Após 35 anos de intenso trabalho apostólico e 70 de idade, caiu gravemente enfermo. Pouco a pouco foram-se paralisando as extremidades de seus membros, e um forte tremor agitava continuamente seu corpo extenuado. Tornou-se "uma espécie de estátua da penitência com as honras de pessoa", relata uma testemunha.
Os últimos quatros anos de sua vida, ele os passou imobilizado na enfermaria do convento. E, por incrível que pareça, este homem que havia sido a alma da cidade, o pai dos pobres e o consolador de todas as desventuras, foi completamente largado por todos e submergido no esquecimento e no abandono.

Passava os dias, os meses e os anos em silenciosa meditação, contemplando da janela da enfermaria a imensidade do mar e escutando a melodia das ondas que se rompiam contra as muralhas da cidade. A sós com a dor e com Deus, aguardava o momento do supremo encontro.

Um jovem escravo fora designado pelo superior da casa para cuidar do doente. Entretanto, esse que deveria ser enfermeiro não passava de bruto algoz. Comia a melhor parte dos alimentos destinados ao paralítico e "um dia o deixava sem bebida, outro sem pão, muitos sem comida", segundo conta uma testemunha da época. Também "o martirizava quando o vestia, governando-o com brutalidade, torcendo-lhe os braços, batendo nele e tratando-o com tanta crueldade como desprezo". Porém, nunca seus lábios proferiram a menor queixa. "Mais merecem minhas culpas", exclamava às vezes.

Certo dia de agosto de 1654, disse Claver a um irmão de hábito: "Isto se acaba.

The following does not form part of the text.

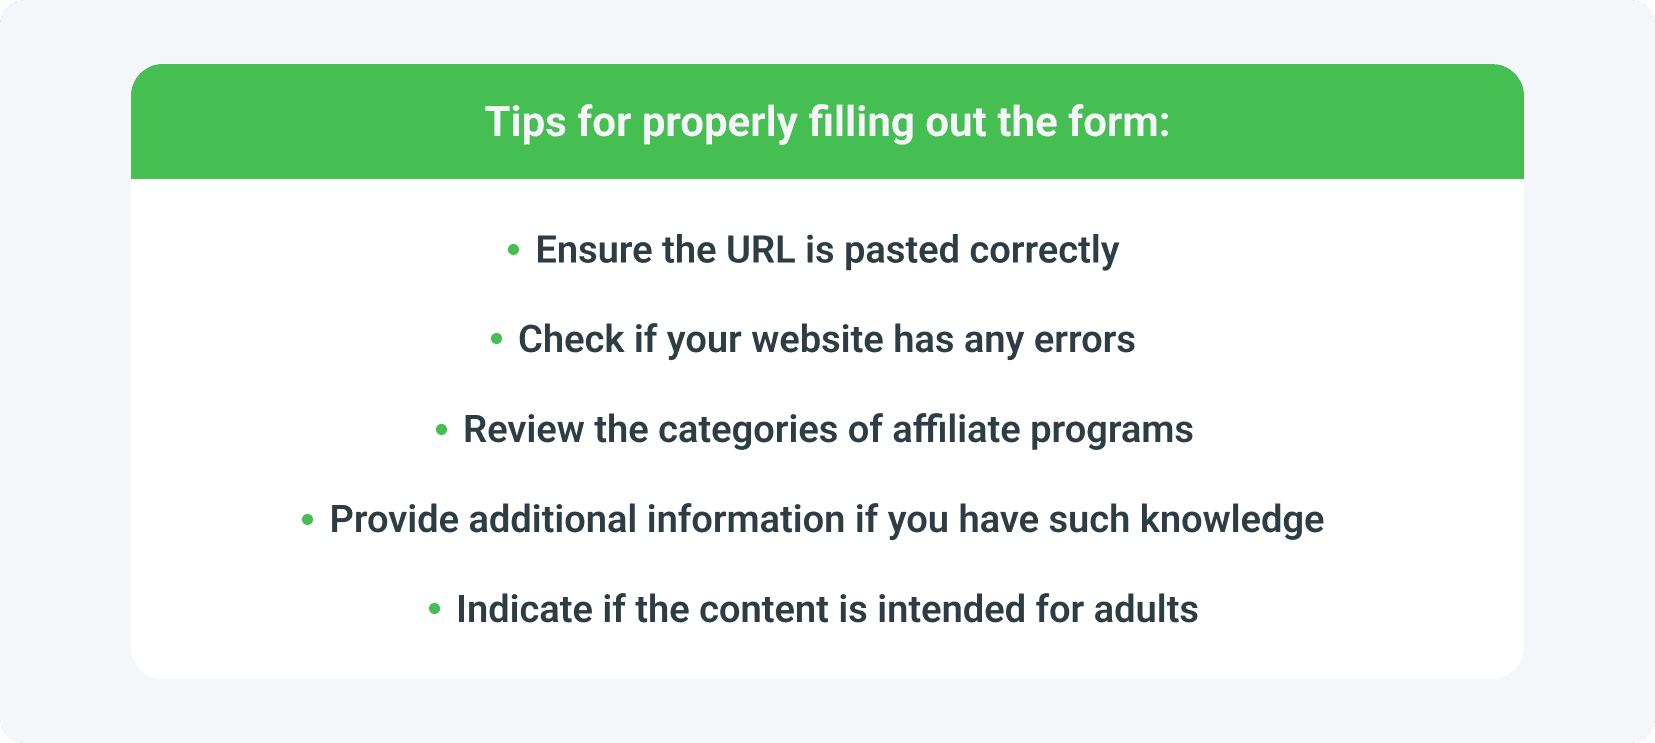 Tips for properly filling out the form
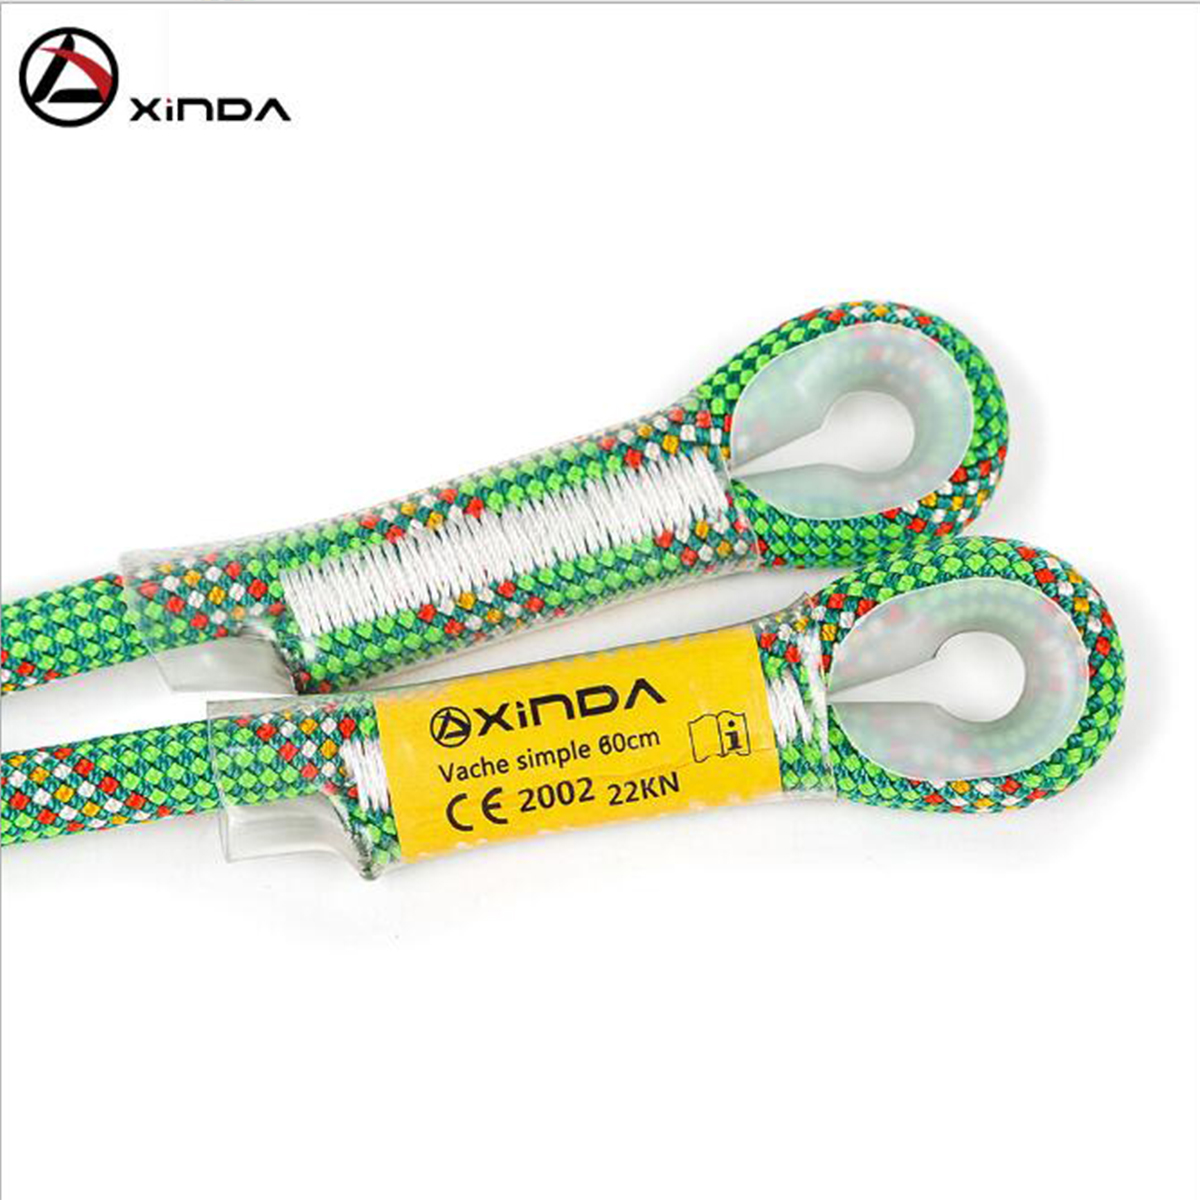 Xinda-105mm-80100120150cm-Professional-Rock-Climbing-Rope-Supplies-High-Altitude-Anti-Fall-Off-Prote-1570418-5

Deverei morrer num dia dedicado à Virgem". Na manhã de 6 de setembro, à custa de um imenso esforço, fez- se conduzir até a igreja do convento e quis comungar pela última vez. Quase se arrastando, aproximou-se da imagem de Nossa Senhora dos Milagres, diante da qual havia celebrado a sua primeira Missa. Ao passar pela sacristia, disse a um irmão: "Morro. Vou morrer. Posso fazer algo por vossa reverência na outra vida?" No dia seguinte, perdeu a fala e recebeu a Unção dos Enfermos.

Sucedeu, então, algo de extraordinário e sobrenatural. A cidade de Cartagena pareceu acordar de uma longa letargia e por todos os lados corria a voz: "Morreu o santo!" E uma multidão dirigiu-se para o colégio dos jesuítas, onde agonizava Pedro Claver.
Todos queriam beijar suas mãos e seus pés, tocar nele rosários e medalhas. Distintas senhoras e pobres negras, nobres, capitães, meninos e escravos desfilaram nesse dia diante do santo, que jazia sem sentidos em seu leito de dor. Só às 9 horas da noite os padres conseguiram fechar as portas e assim conter aquela piedosa avalanche.
E assim, entre 1h e 2h da madrugada de 8 de setembro, festa da Natividade de Maria, com grande suavidade e paz, o escravo dos escravos adormeceu no Senhor.